A reader writes:
Is there to be Holy Eucharist distributed on Good Friday?
That's a great question, and I suspect that many Catholics don't know the answer off the top of our heads. After all, Good Friday comes round but once per year, and while we may remember that the liturgy is somewhat different (including a reading of the Passion, a number of general intercessions, and the veneration of the Cross), we may not even remember that the liturgy is not a Mass.
But if Mass is not celebrated on Good Friday, then there is no Holy Communion, right? Wrong.
Since there is no Mass, no bread and wine are consecrated.

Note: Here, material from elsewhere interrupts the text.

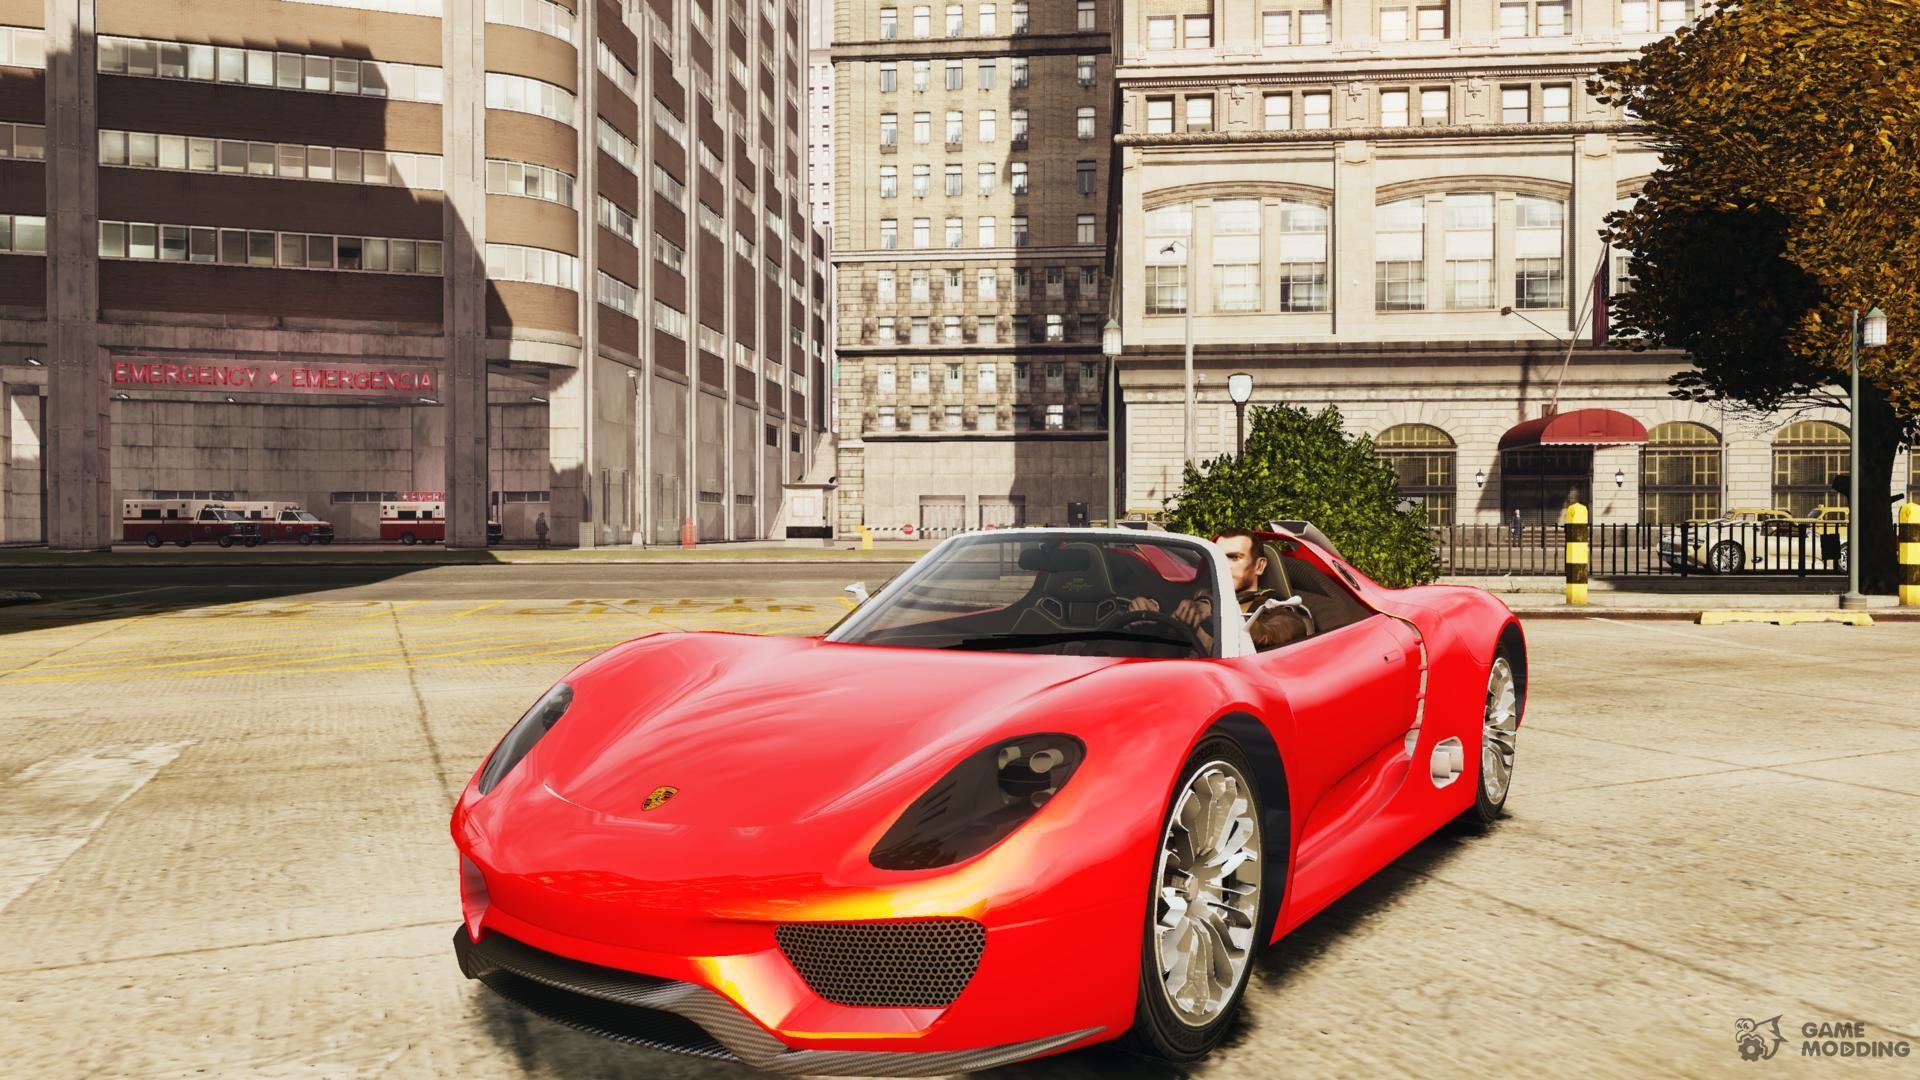 1242580cac7590cd40f2905b05283516ef85ec7e7beb7620e924b8ec8ecca045 Fabulous Porsche 918 Spyder Nfs Mw Mod Cars Trend

But consecrated Hosts are reserved from the Mass of the Lord's Supper on the evening of Holy Thursday, and after the veneration of the Cross, the Hosts are distributed to the faithful.
This is called the Liturgy of the Presanctified--literally, "that which was made holy before." In the Eastern Catholic and Eastern Orthodox Churches, the Eucharist is only consecrated on Sundays and feast days during Lent, so similar Liturgies of the Presanctified are held during the week to distribute Communion to the faithful.
At one point, this was the practice in the West as well, but today it survives only in the Good Friday liturgy. For centuries, too, only the priest received Holy Communion at the Liturgy of the Presanctified on Good Friday in the Latin Rite. That was changed with a reform of the rites for Holy Week that went into effect in 1956. From that point on, in both the traditional Latin Mass and the later Novus Ordo, the faithful have received Communion along with the priest.